Revision as of 03:24, March 25, 2007

A drug is a is a substance which has an effect on the body or mind. This may be a positive effect in the case of medicines or negative as is the case with most illegal drugs.

Illegal drugs

Illegal drugs are substances that can potentially cause damage to a person's brain and other organs. There is much debate over the legalization of drugs, people on both ends of the political spectrum are advocating for some drugs to be legalized while others on both ends are advocating for tougher penalties for possession of drugs. Some new age hippies believe drugs can separate one's body from one's soul, and native Americans believe drugs allow one to talk to trees; these are generally believed to be delusions caused by drugs' interference with neuro-activities in the brain.
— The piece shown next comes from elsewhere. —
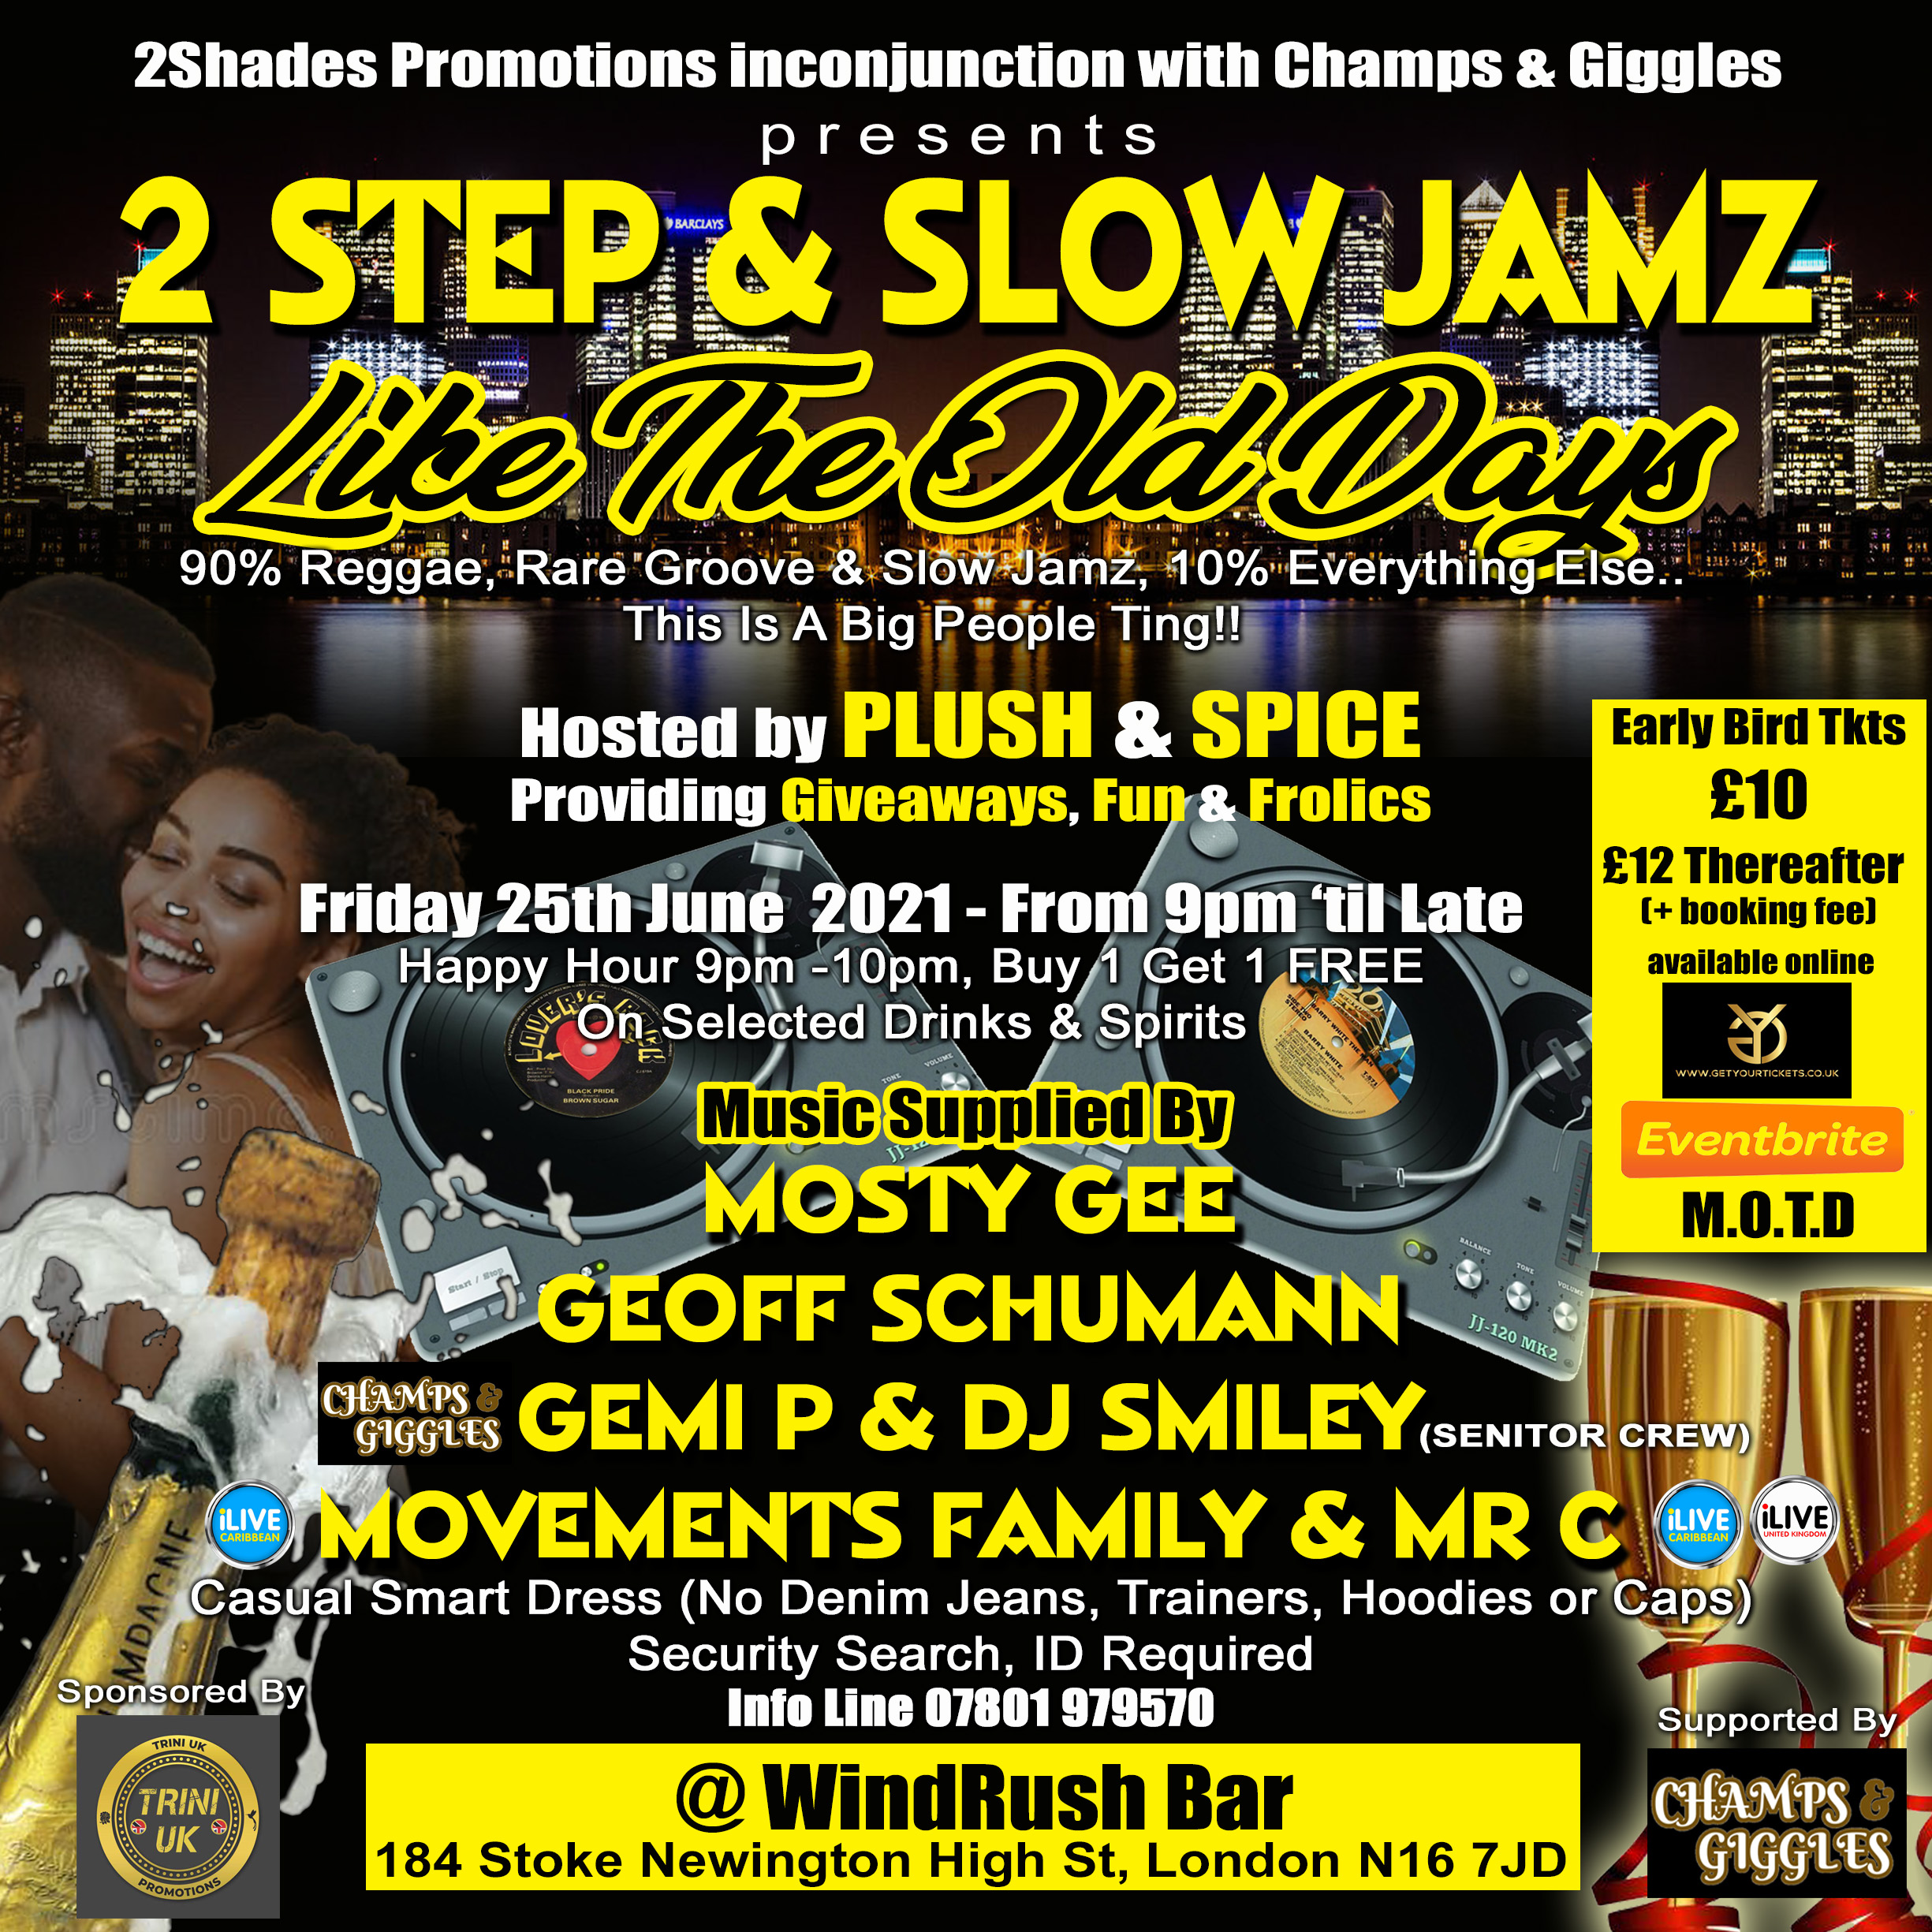 2 STEP & SLOW JAMZ, Like The Old Days

Those in favour of legalising drugs often argue that the negative social consequences, including gang warfare and the permiation of dangerously impure substances, are more to do with their prohibition than the drugs themselves. Indeed, before the criminalisation of heroin in the UK it was no more than a trivial medical problem [1]. Opponents of criminalisation also point to the Prohibition experiment in the USA, where the illegality of alchohol caused problems of gang warfare and unsupervised distilleries that made worse the very problem that prohibition was intended to solve.

References

  1. http://news.bbc.co.uk/1/hi/magazine/4647018.stm

Legal recreational drugs

A small number of drugs are legally tolerated in Western democracies. These include alcohol, nicotine and caffeine.